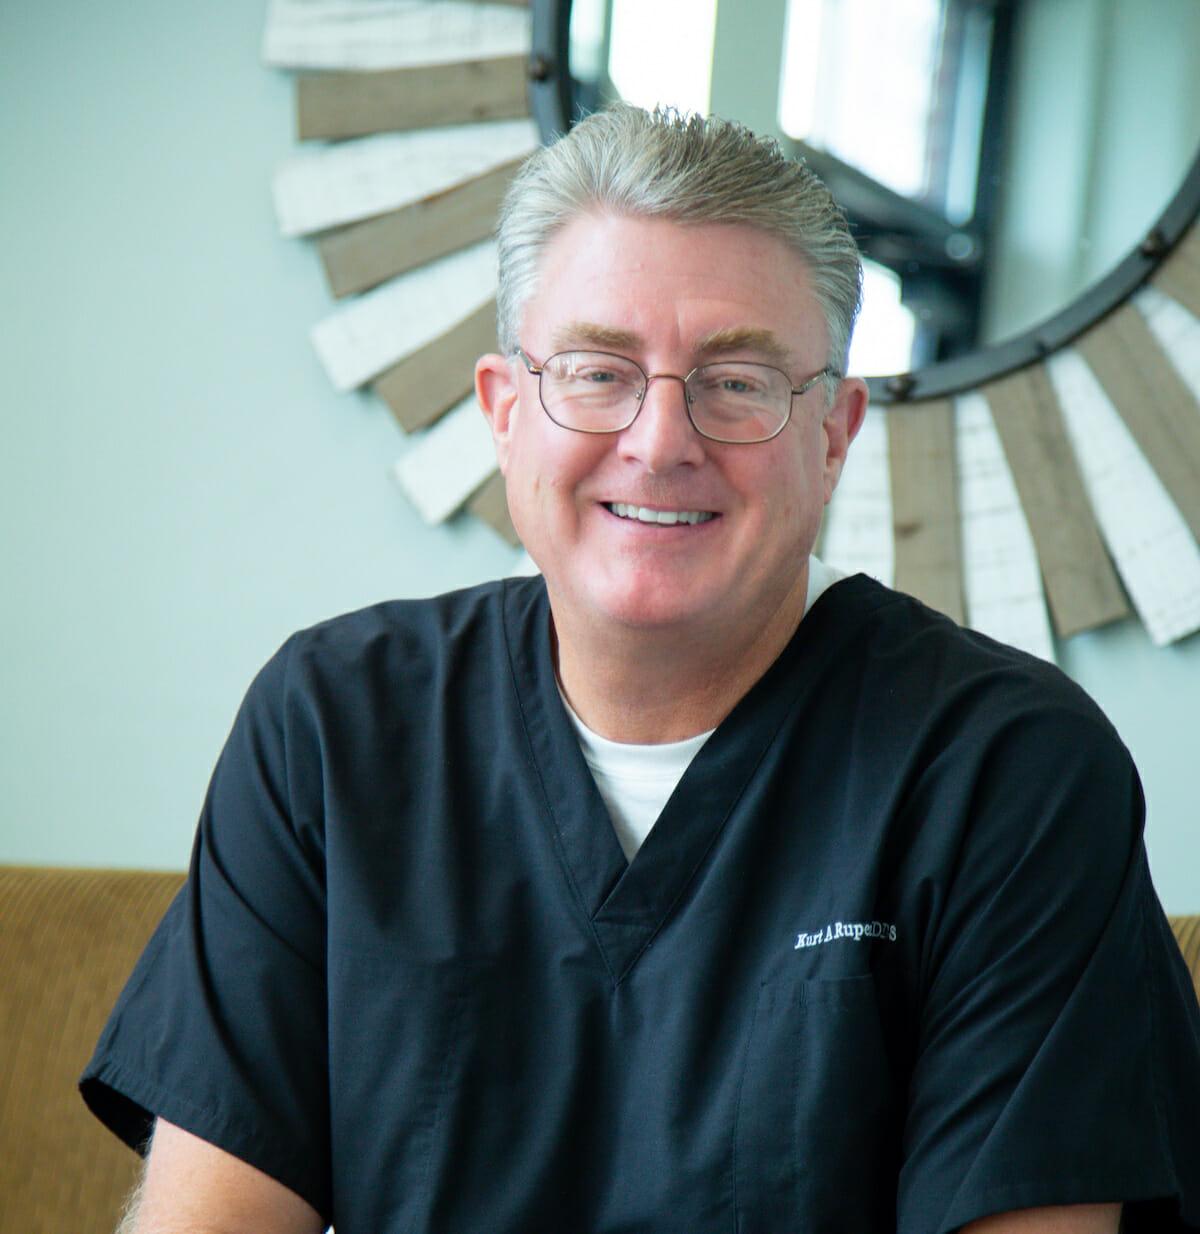 Dr. Rupenthal
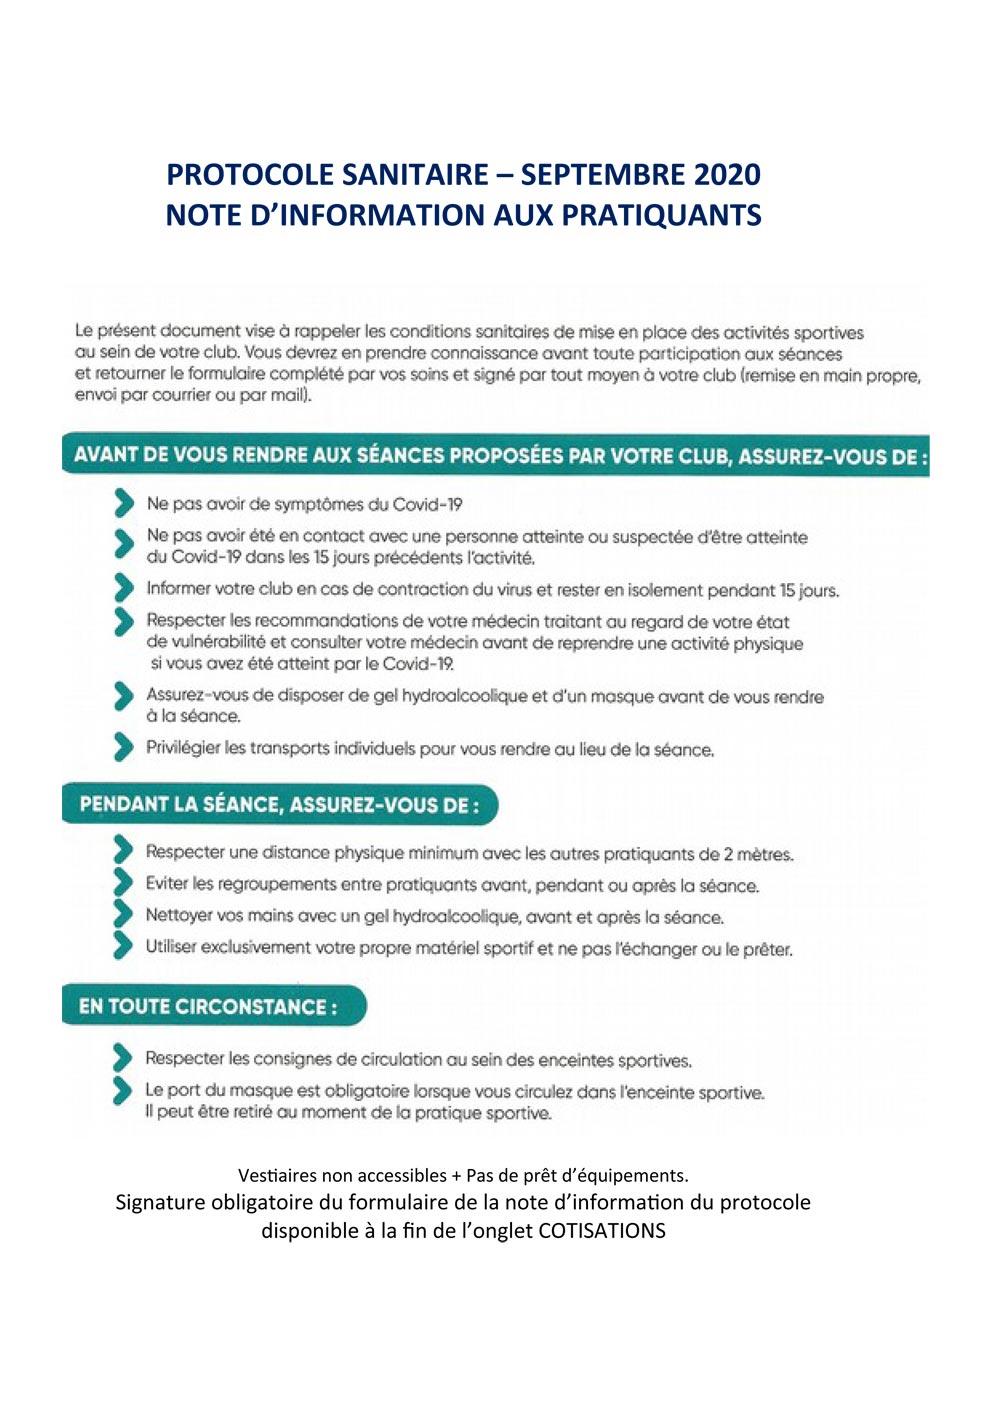 AGV Pernes protocole sanitaire
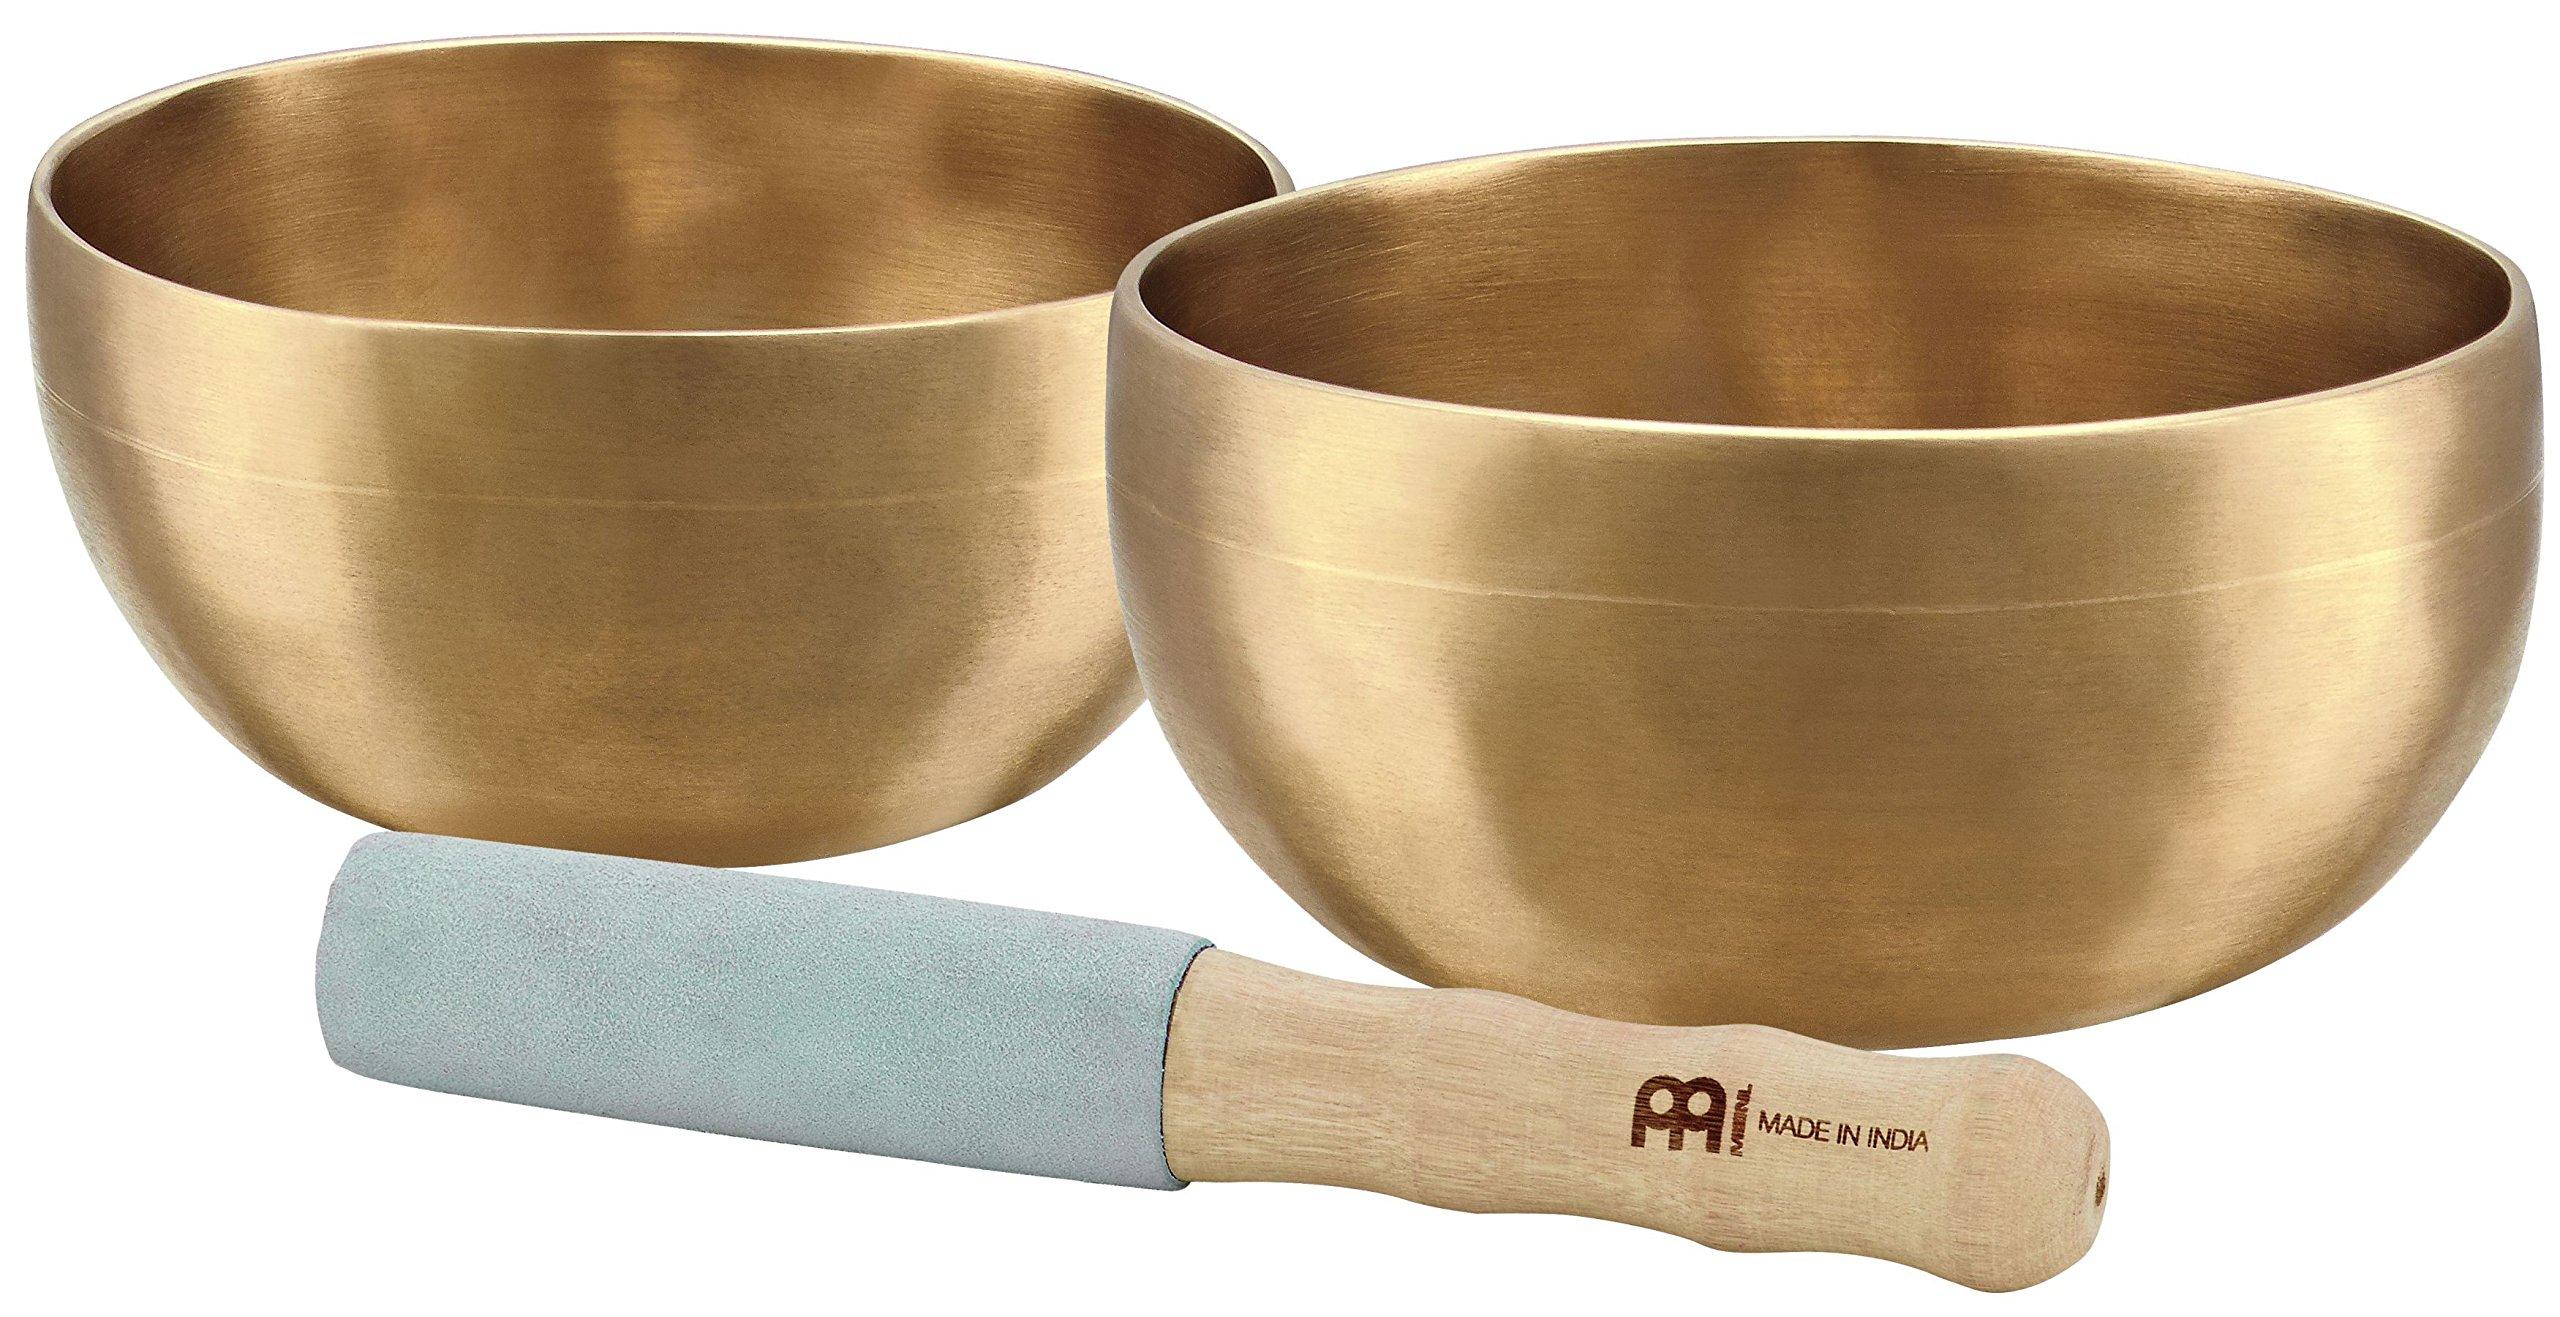 Meinl Sonic Energy SB-U-900 2-piece Universal Singing Bowl Set with Resonant Mallet

· · · ·

WHAT YOU ARE ASKED TO DO:
With images omitted, output the data exactly as given.

SOLUTION FOR THIS PROBLEM:
 Dr. Rupenthal
 AGV Pernes protocole sanitaire
 Meinl Sonic Energy SB-U-900 2-piece Universal Singing Bowl Set with Resonant Mallet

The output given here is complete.